You can only claim what you’ve spent. So, don’t inflate deductions in order to get a bigger refund and only claim for costs you can prove you spent, by producing an invoice, receipt or bank statement for instance.
This year, self-lodgers using the ATO’s myTax program will be monitored as they prepare their return by the ATO’s computer systems to ensure they’re not over-claiming. The ATO will compare your claims to those of others like you and if your claim rings alarm bells, myTax will give you a stern warning inviting you to rethink that deduction. Ignore that message, and you could be headed for an audit!
Boost your super and slash your tax bill
You can now make additional payments to your super and claim an income tax deduction for doing it. That means that for every dollar you pay into super, you can claim a deduction that will save tax at your marginal rate. Each year, you can contribute up to $25,000 into super at the concessional rates. Part of that will be the amount your employer pays into super as part of your remuneration, plus any amounts you salary package. Once you’ve added those figures together, if the total is less than $25,000 you can pay the difference into super as a tax deductible contribution. If you’re a high income earner, that means that you could reduce your taxes by 45 cents for every dollar extra you pay into super to get to that $25,000 threshold.
If you want to claim a tax deduction for your super payment in this year’s tax return, it must be made by June 30th and you need to advise your super fund that you’ve made the payment by the time you lodge your tax return (H&R Block or your super fund can give you guidance on how to complete the form and there’s a standard form on the ATO website here: https://www.ato.gov.au/forms/notice-of-intent-to-claim-or-vary-a-deduction-for-personal-super-contributions/).
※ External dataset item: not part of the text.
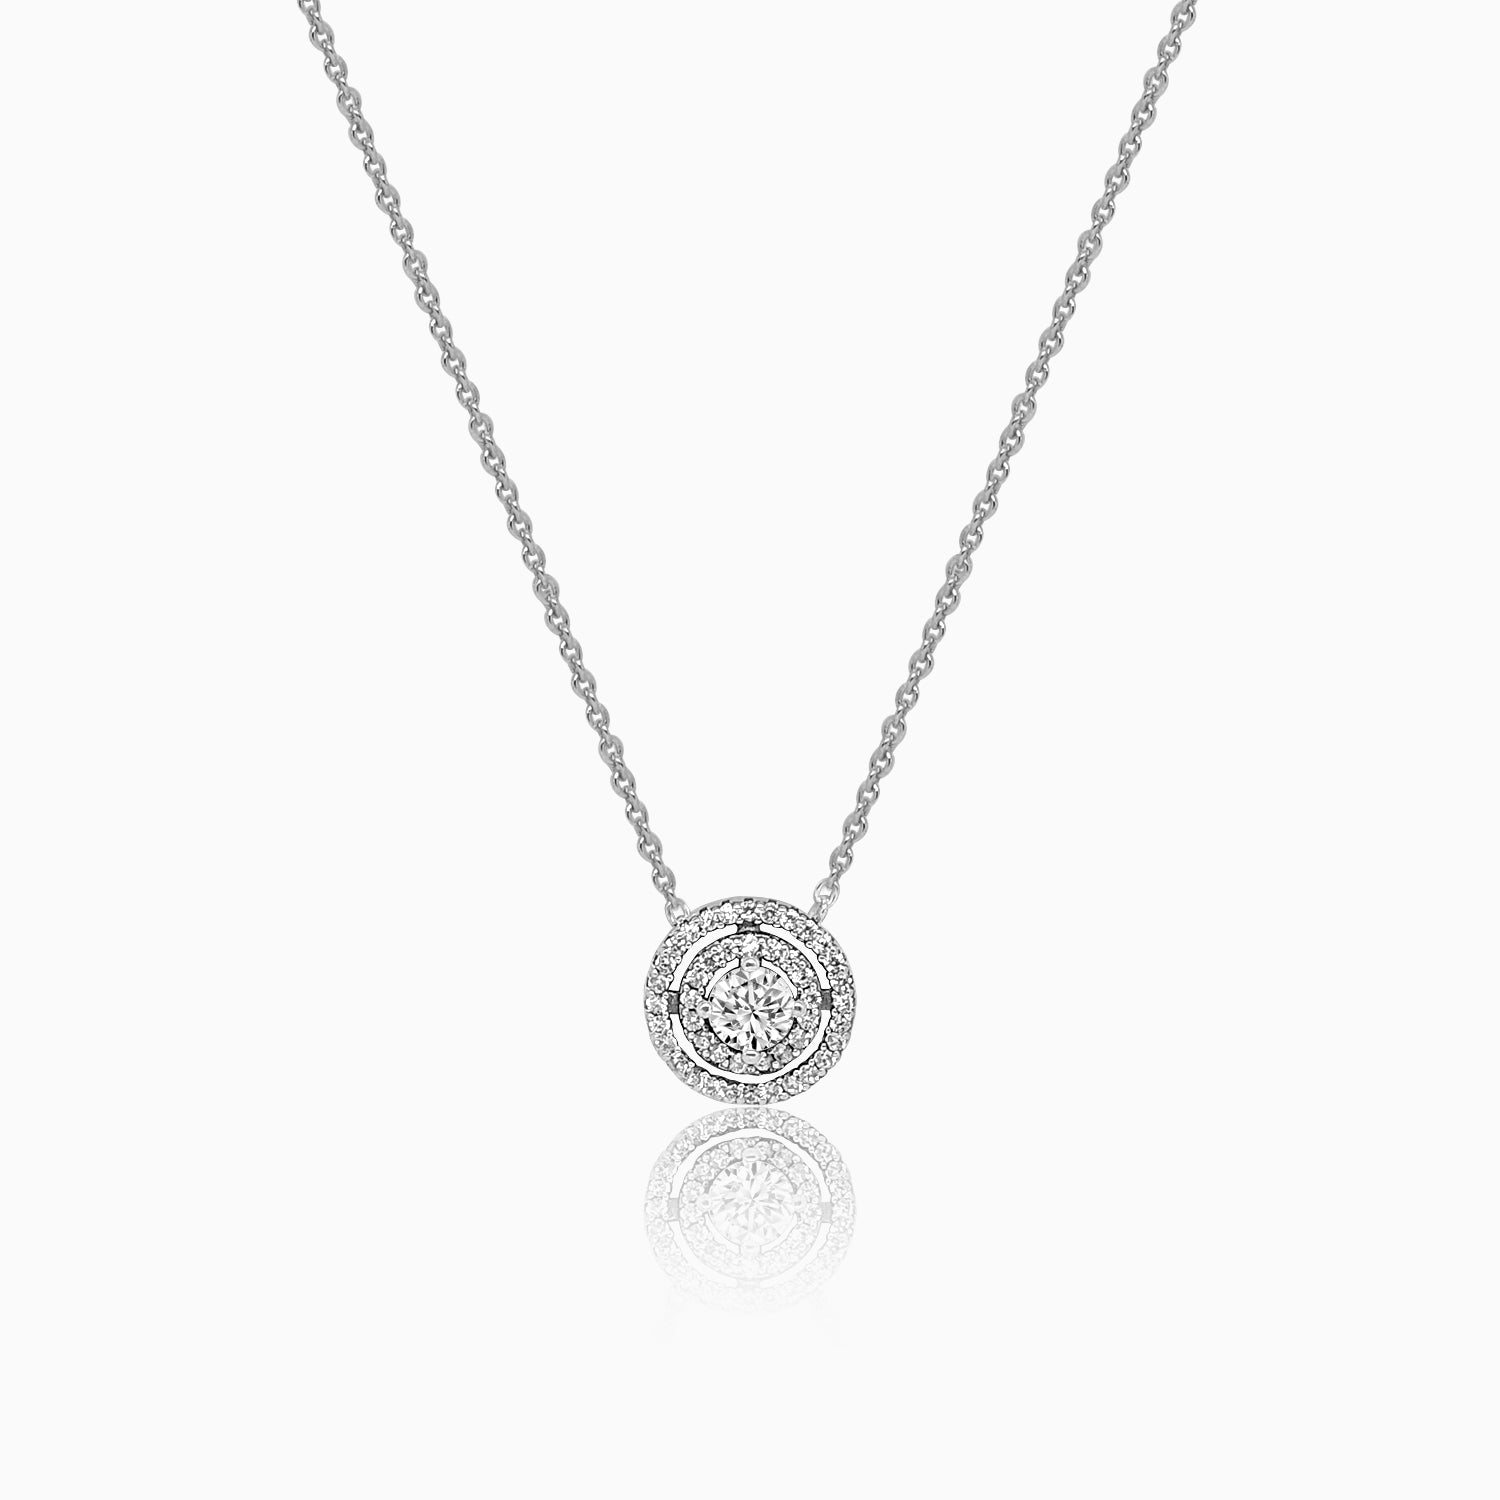 Silver Sparkling Two Row and Center Necklace 44cm + 5cm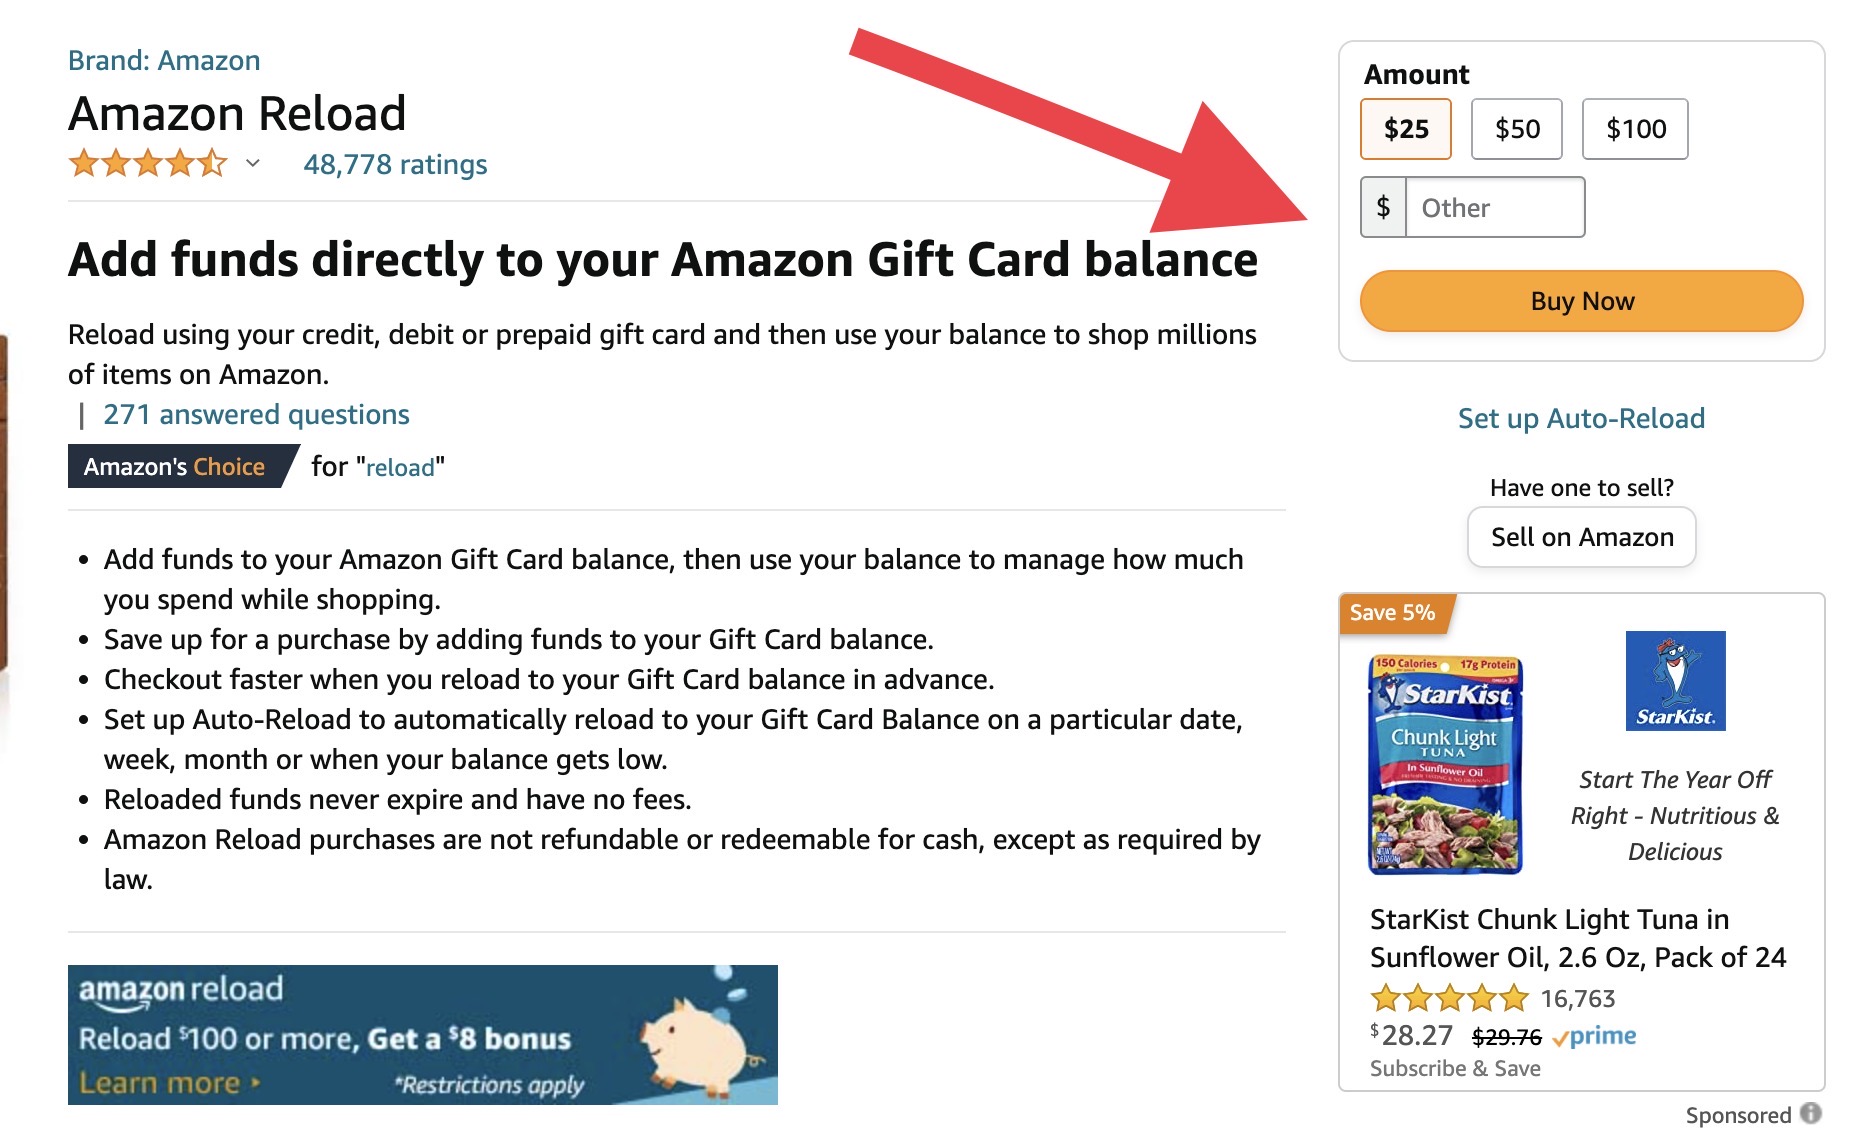 Can I Buy Amazon Gift Card With Visa Gift Card?

TIP: As well as making super contributions from your employment income, it is also possible to make super contributions from investment income (including dividends or rental income) and capital gains. And if you’re self-employed and have got out of the habit of paying into super, now is the time to start catching up!
Do your kids need to lodge a return?
If your children have taxable income, they may need to lodge a tax return.
As children get older, many teenagers will get a part-time evening or weekend job. Whilst it’s unlikely that they will earn more than the tax-free amount of $18,200, if their employer deducts even $1 in tax from their pay, they will need to lodge a return in order to get a refund.
If your children receive income in the form of interest on a savings account or dividends on shares, they may also need to lodge a tax return to disclose that income but only if the income really does belong to the child.
If you or another adult (such as a grandparent) provides the original funds which are used to make the investment and then receives the investment income to use as you wish (even if you decide to use it for the benefit of your child), the income is treated as belonging to you or the other adult and must be disclosed on your tax return. Similarly, any capital gains or losses (on share disposals for instance) must be reported by you.
Any other tax benefits to being a parent?
Sadly not. These days, there are no tax breaks directly linked to being either a parent or part of a couple.
Get help!
There’s a reason 74% of Australians use a tax agent to prepare their tax return; tax is complicated! Get your tax return wrong and the comeback is on you, either with a lower refund or ATO penalties.
Most people find it far less stressful to simply pass on all their information to a tax agent and leave it to the agent to complete their return, safe in the knowledge that the return will be accurate and complete. An experienced agent will usually be good at sniffing out those obscure tax deductions you didn’t know you could claim so they can often pay for themselves several times over. Best of all, the tax agent’s fee is also tax deductible!
Don’t miss the deadline!
If you’re a self-lodger, you must lodge your return by 31 October 2019.
If you use a tax agent, you can lodge later, possibly as late as 15 May 2020. To take advantage of those extended deadlines, you need to be registered as a client of the agent by 31 October 2019.
Once you’ve lodged your return, typically allow up to 2 weeks for the ATO to process and pay your refund.